What kind of character is Enid?
  • Key Stage 4
  • Year 10
  • English
I started the play thinking that really I was writing about these two young girls 'cause obviously I was young when I wrote the play and I was on the side of the girls. If there was a conflict in the play, I would be on the side of these young girls. And then as I started to write the play and explore Enid and was thinking about her, all of my sympathies started to go into her. I started to understand her more and her predicament and to really care about her and to understand that her stance as it were, like the things she says to her daughters are all about ensuring that they can live in a society that might be hostile to them. So she's preparing them for the harsh reality of life as young Black women Because when I was growing up in the UK, sometimes it was really tough. There was quite a lot of racism.
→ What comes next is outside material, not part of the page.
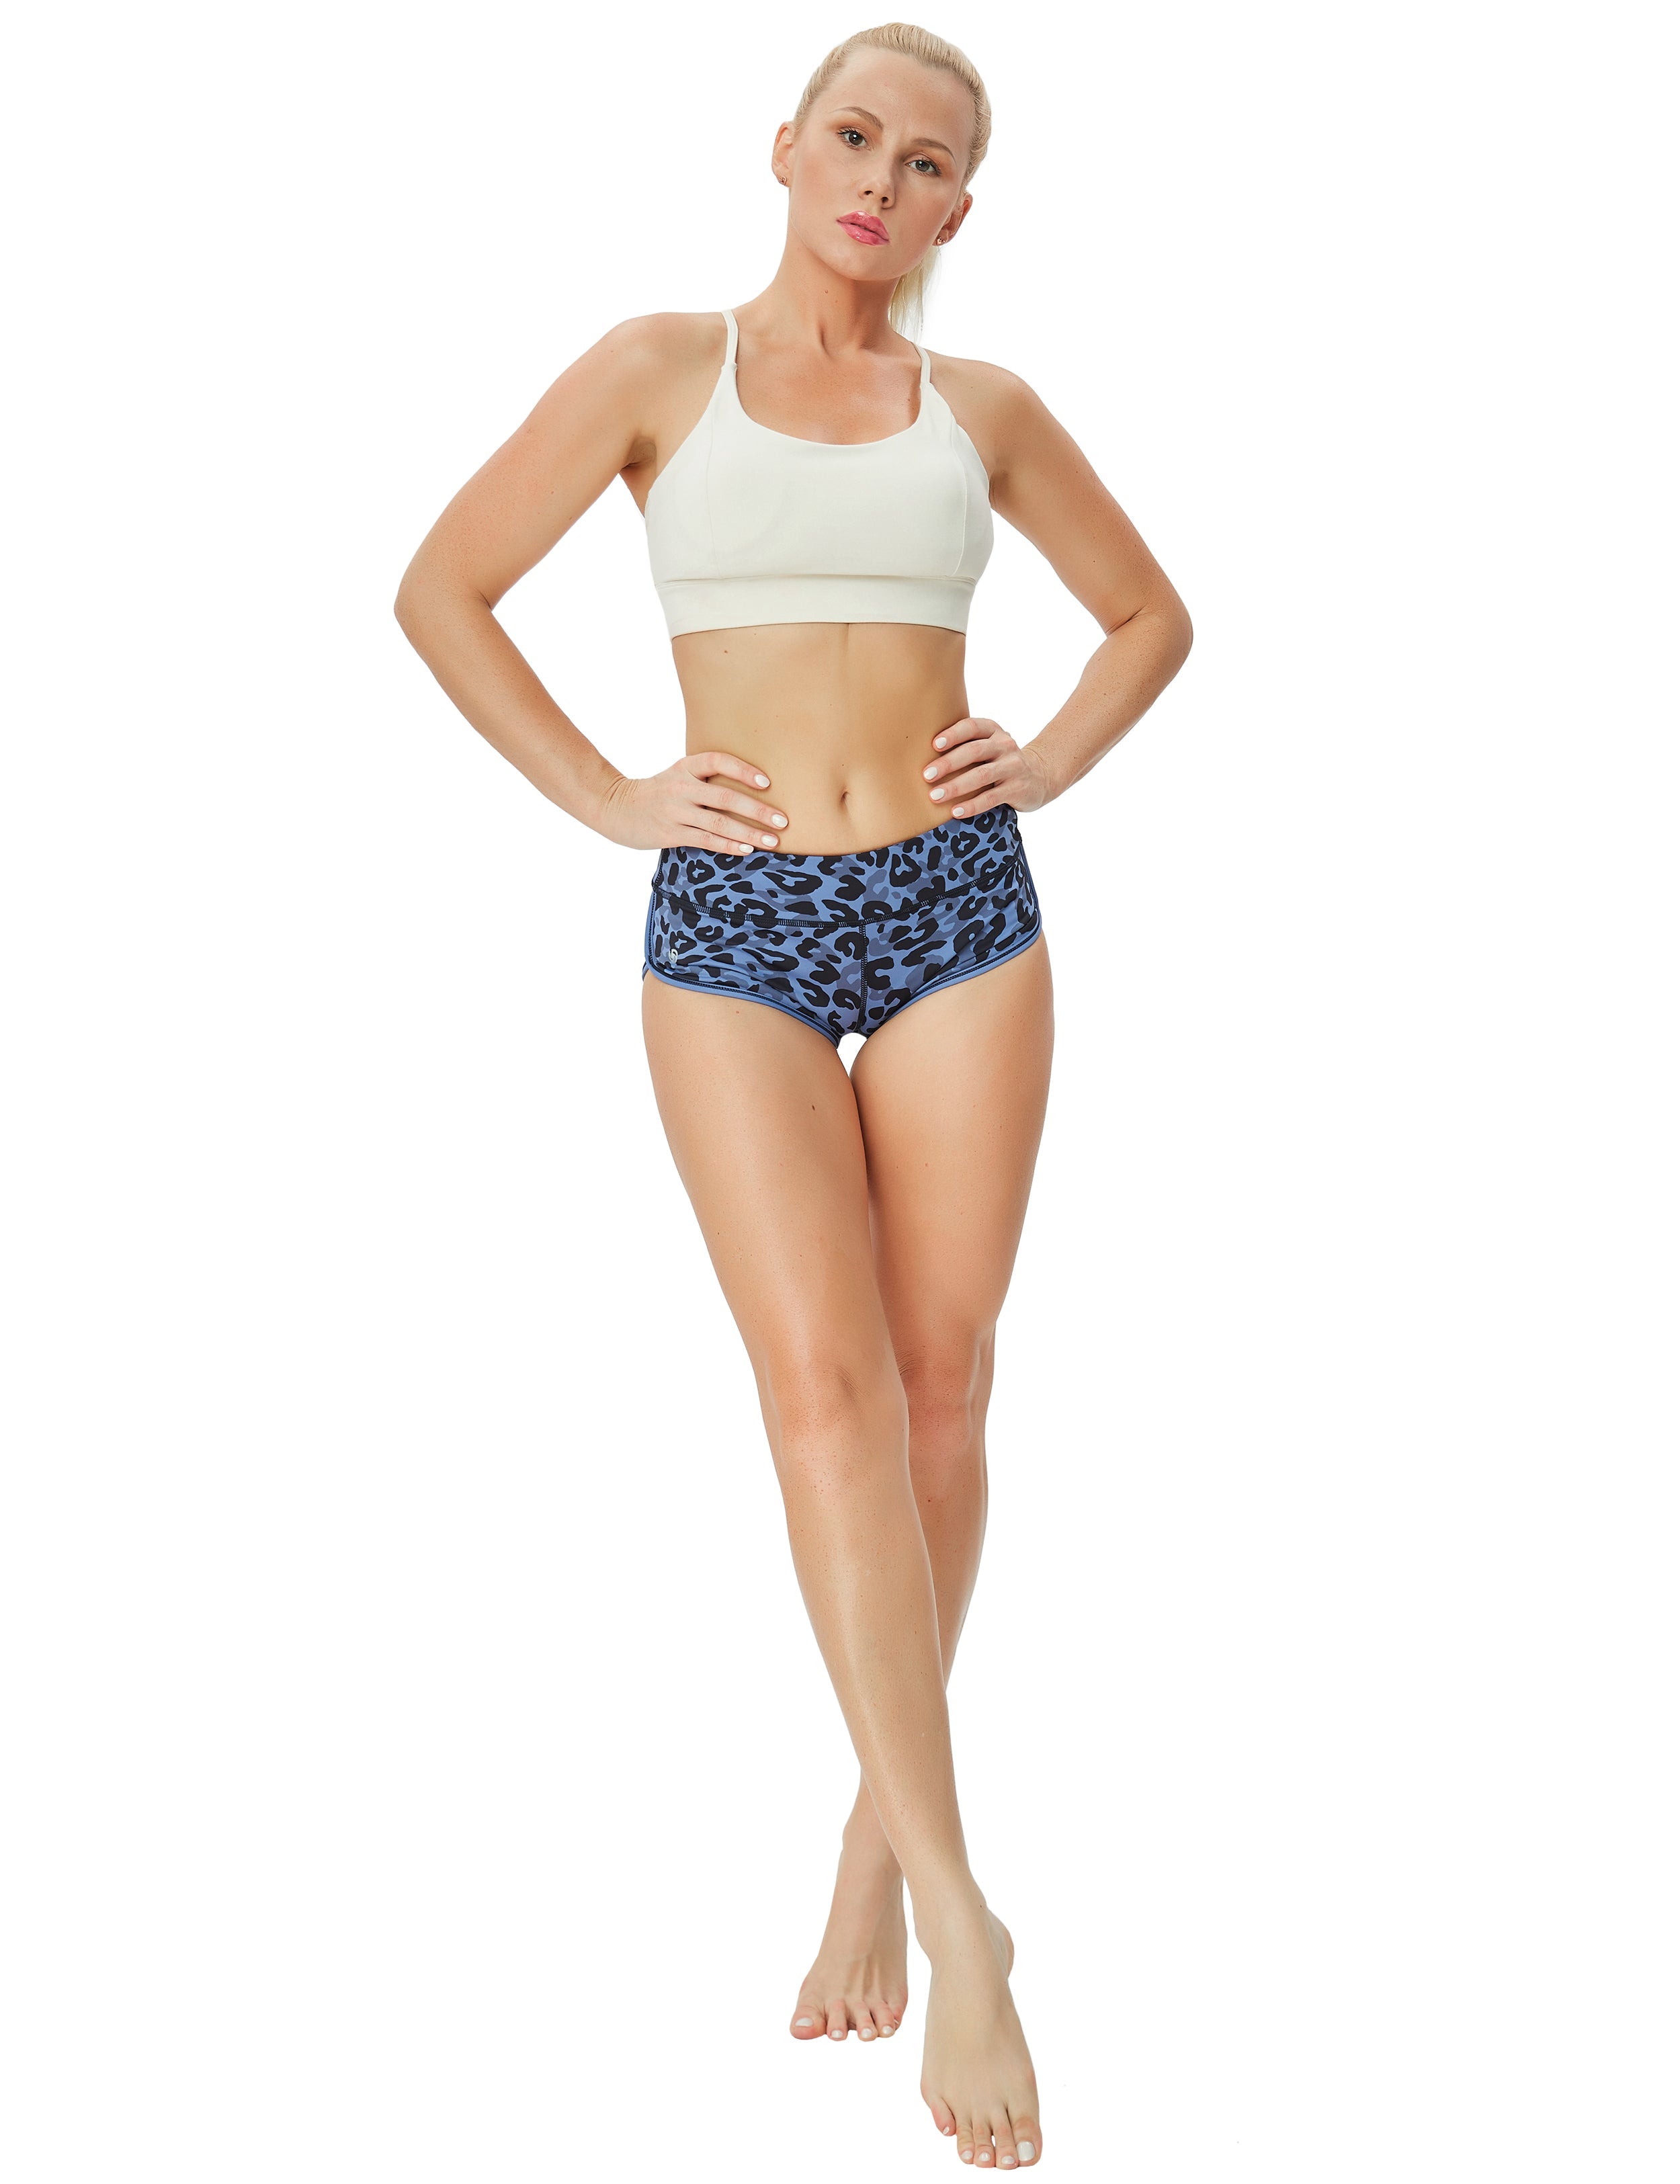 Printed Booty Pilates Shorts navy_leopard Sleek, soft, smooth and totally comfortable: our newest sexy style is here. Softest-ever fabric High elasticity High density 4-way stretch Fabric doesn't attract lint easily No see-through Moisture-wicking Machine wash 78% Polyester, 22% Spandex

You could walk around London and you could be sometimes surrounded by graffiti that expressed that hostility. So there'd be signs like KBW, which meant Keep Britain White. I remember that. Up the Caledonian Road there was this white wall with this graffiti on it. So you'd be surrounded by all this hostility. And also the sort of aggression of that would come ever closer into your space because where I was growing up, I grew up on a council housing estate. And that kind of graffiti would be outside your door. You could wake up one morning and find it outside yours. So somehow you had to live with that. Somehow you had to find the strength as a very young person to assert yourself and just kind of carry on while this, I think, you know, that this quite heavy thing or racism or discrimination was being enforced on you. So that's what Enid is dealing with, that knowledge. Her daughters don't really understand yet that this is the world they're going into or they believe they're strong enough to withstand it, so she has a fear that they may succumb to it and that they need every resource possible to be able to survive. And for her, one of those resources is education, is just to, you know, do well. So her goal in a way is to protect her daughters, and that's why she goes to visit May. She's seeking as much help as she can for them.